Much like with each vinyasa, that bigger cycle feels a little more like flowing with each go ‘round. That bigger cycle in my own life is something about feeling worthy after being convinced otherwise. Something about a person supposed to teach you about being loved handing you shame and manipulation. It took me nineteen years of repetition just to notice. Not to change, just to notice. For a long time it felt like being trapped in a washing machine on the heavy duty cycle. Waiting for the water to rise above my nose, for the soap to burn my eyes. I’m spinning, waiting for it either to turn off or for me to just drown. Never knowing which I’d rather have. It always turns off though, just long enough to take a few breaths and start again.
Over the last year and a half though, I have encountered moments, many actually, that serve as evidence that I am not actually trapped inside of a washing machine. Evidence that with enough diligence and patience this too can be flow.
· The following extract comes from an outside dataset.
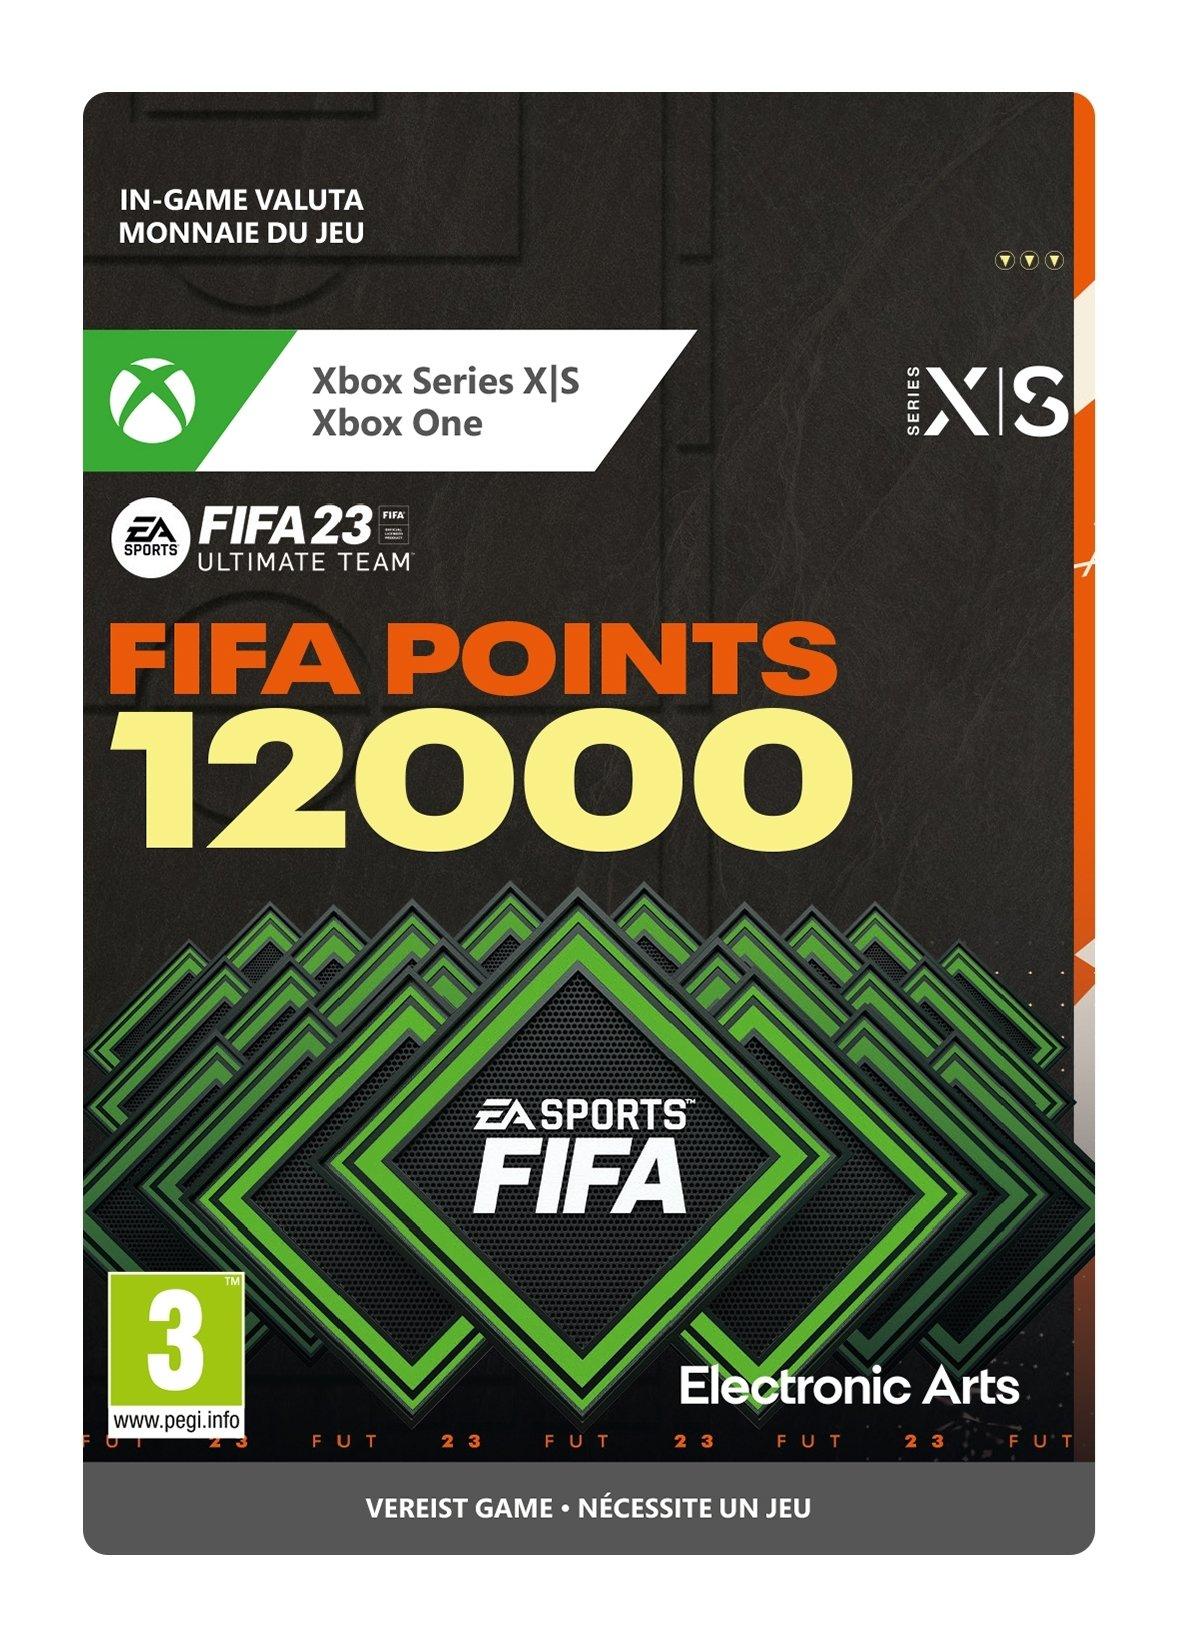 FIFA 23 - 12000 FIFA Points - Xbox Series X|S/ Xbox One - Currency - Niet beschikbaar in Belgie | 7F6-00461 (93864f26-f1af-424a-baf5-88d501e743b5)

Evidence that one day the memories will come up and instead of drowning me I will say “we have been here before, we are just passing through.”
I may not be there yet, but the idea that I am on my way is hopeful enough. Drawing blood has turned into asking for a hug. Dissociating has turned into asking to sit a little bit closer. Silence has turned into whispers, even if they’re not always audible. Pretending has turned into honesty. Safety in isolation has become comfort in closeness.